### WORK TASK
Only an exact copy belongs in the answer: the line with "ヤーマン 美顔器 HCボーテ フェイスV HB-10N ya-man" and every line after it through the end of the records, pictures left out.

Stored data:
________

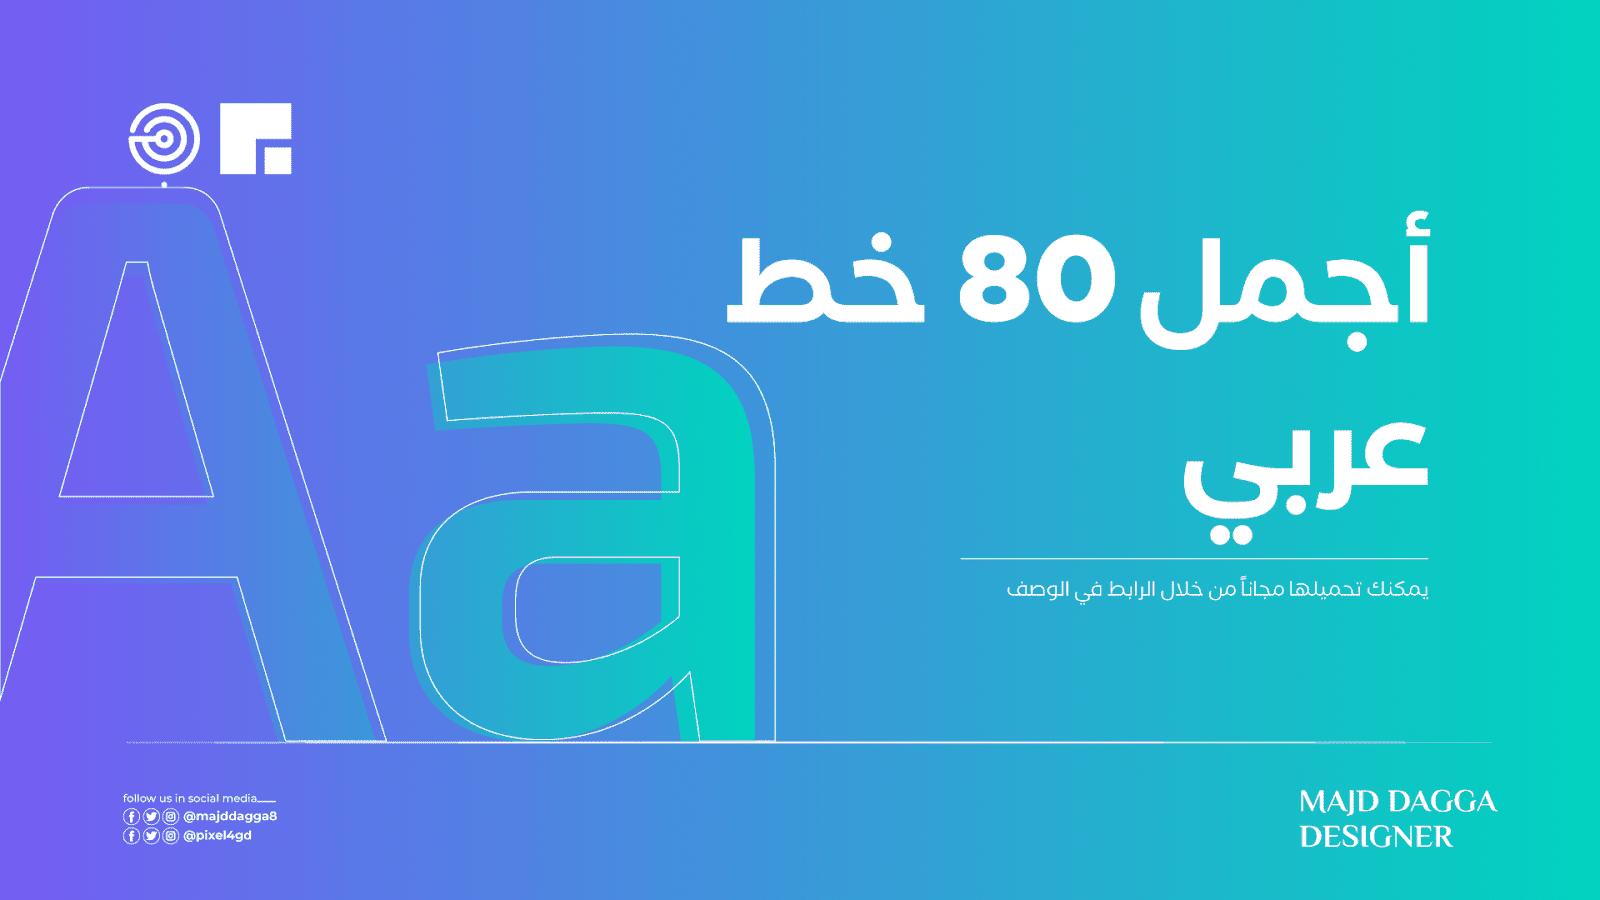 أجمل 80 خط عربي للتحميل مجاناً TOP 80 Arabic fonts in
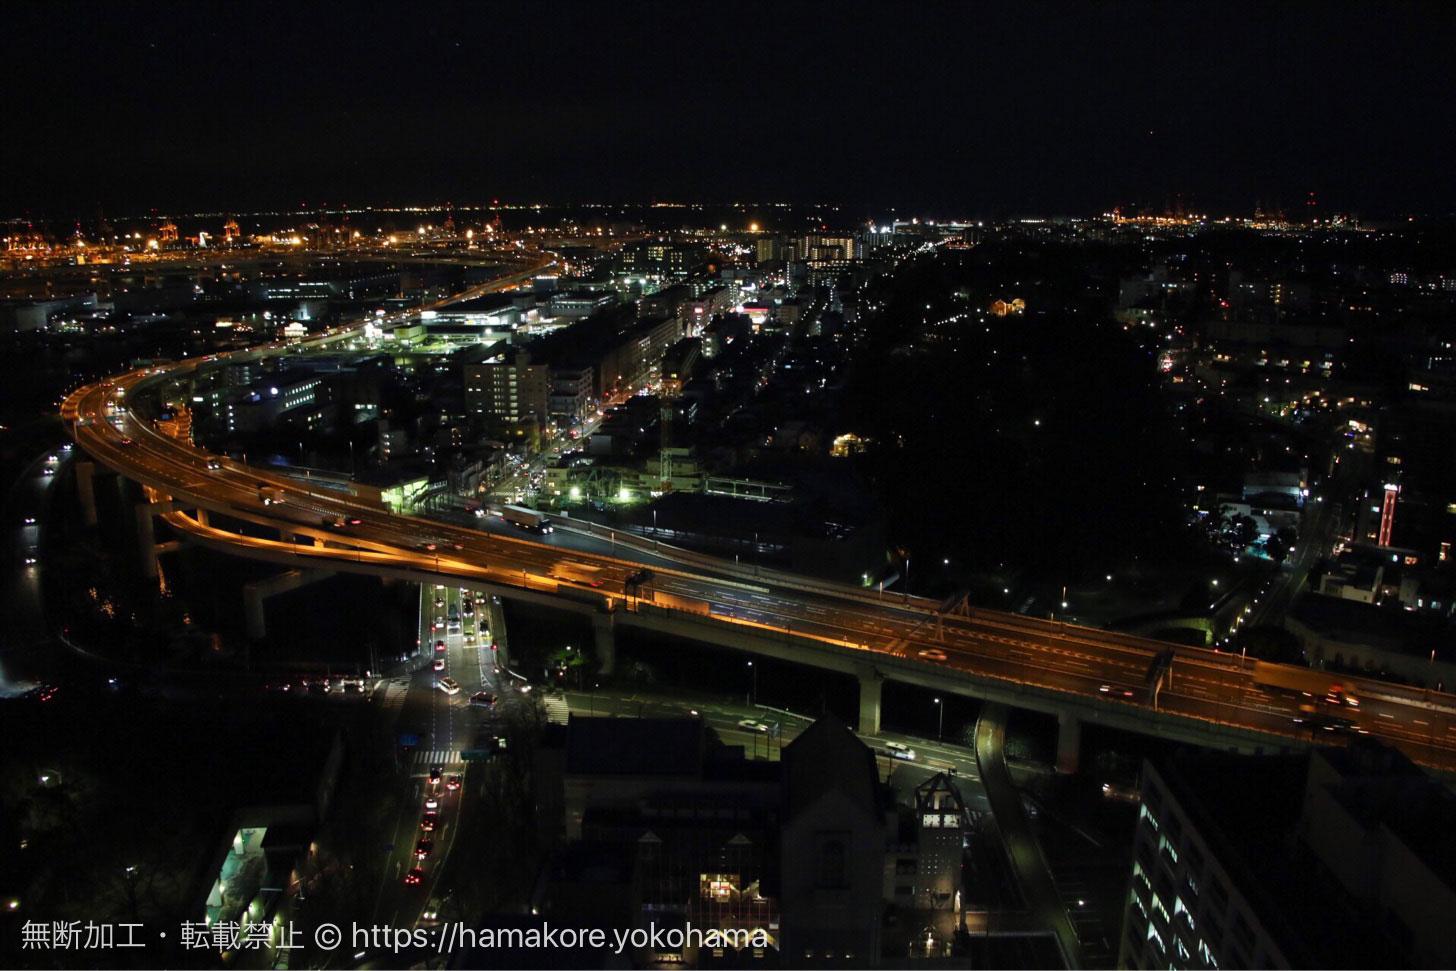 横浜マリンタワーから見た夜景 高速道路
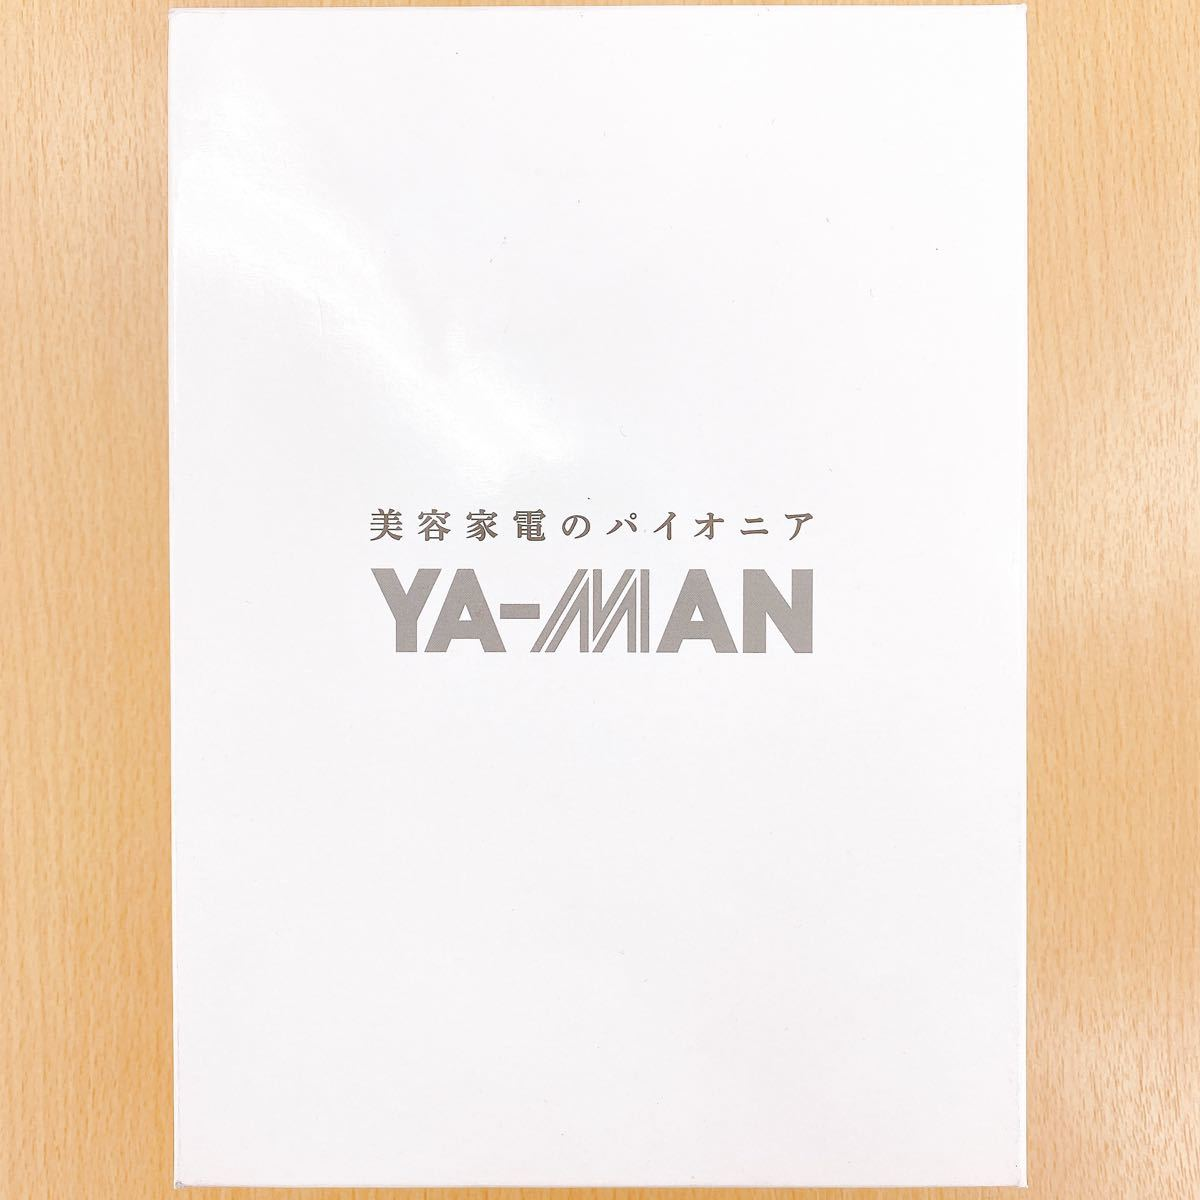 ヤーマン 美顔器 HCボーテ フェイスV HB-10N ya-man
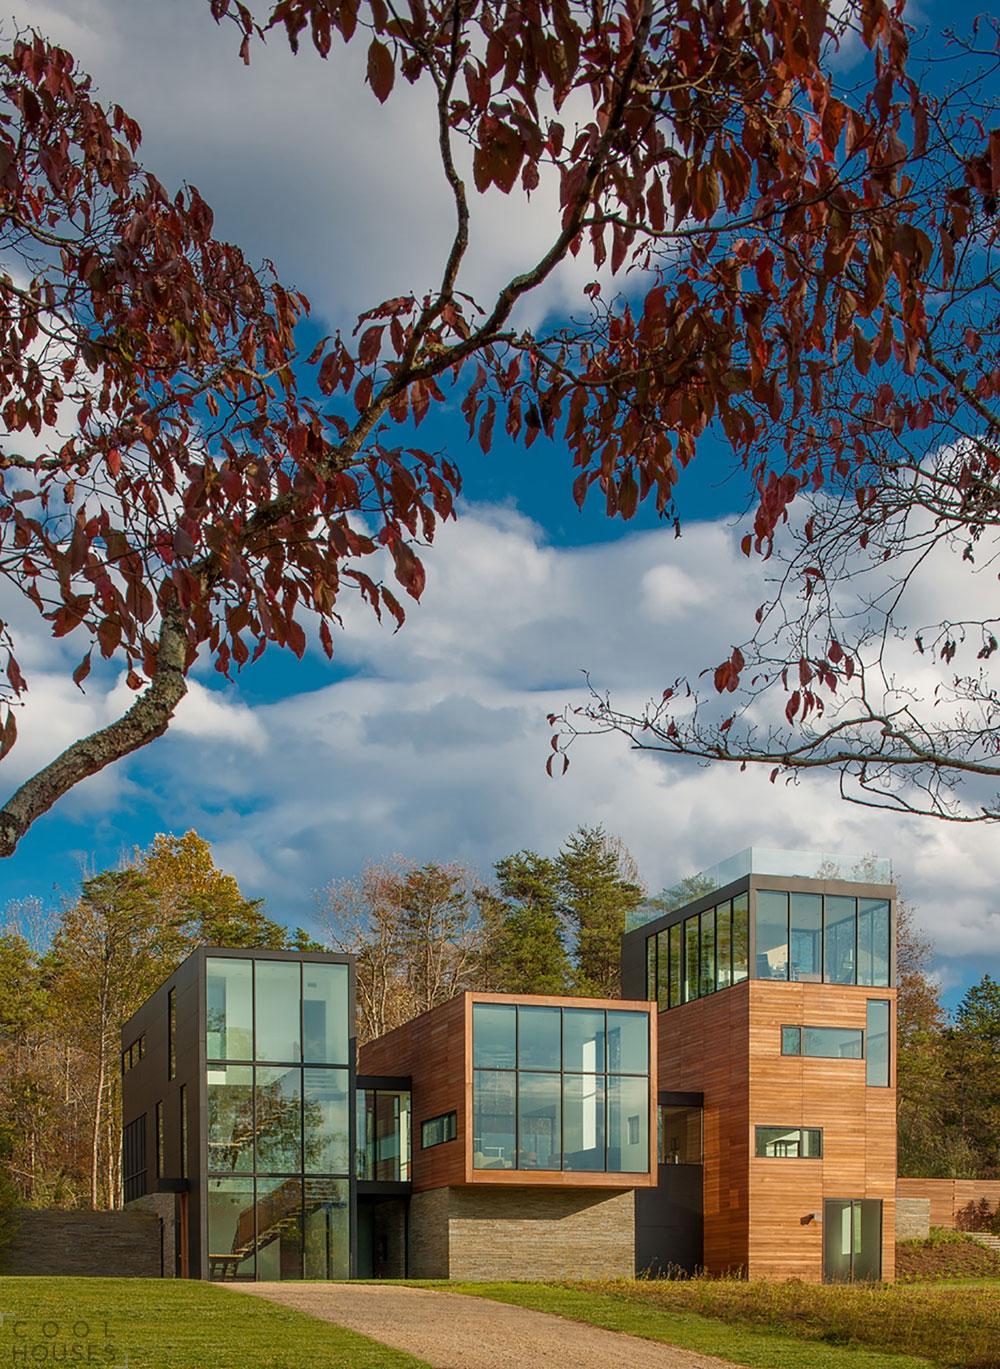 Прямоугольный дом - проект от студии Robert M. Gurney Architect
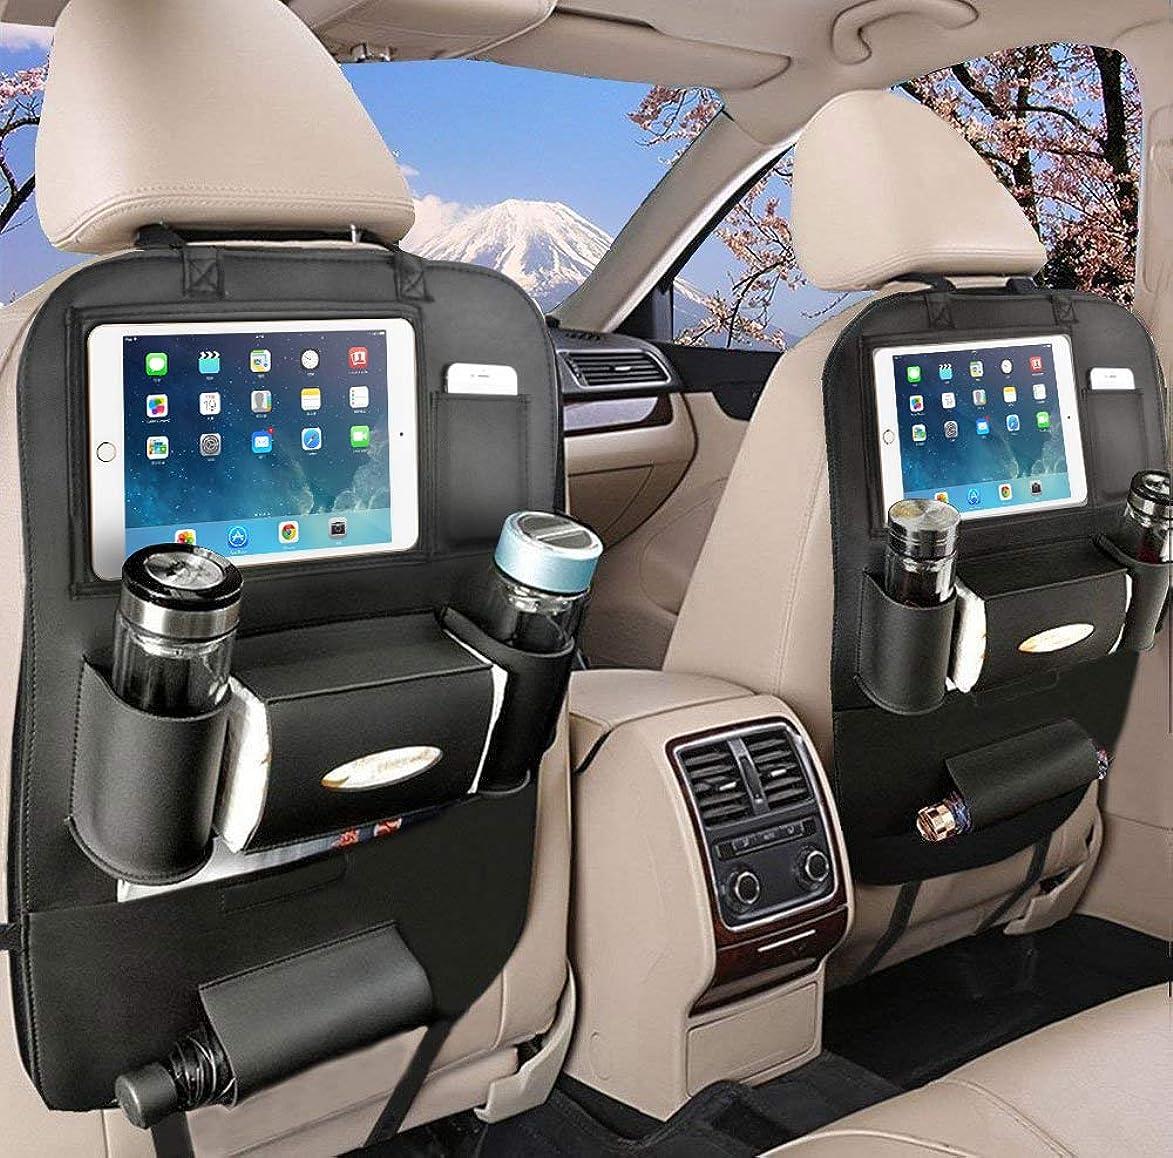 マニアック歯痛廃止するシートバックポケット 1個 後部座席 大容量 スペース 収納ポケット 多機能 ドライブポケット 小物入れ 高級感 車 収納 ティッシュ キックガード

________

### EXERCISE RESULT
 ヤーマン 美顔器 HCボーテ フェイスV HB-10N ya-man
 Прямоугольный дом - проект от студии Robert M. Gurney Architect
 マニアック歯痛廃止するシートバックポケット 1個 後部座席 大容量 スペース 収納ポケット 多機能 ドライブポケット 小物入れ 高級感 車 収納 ティッシュ キックガード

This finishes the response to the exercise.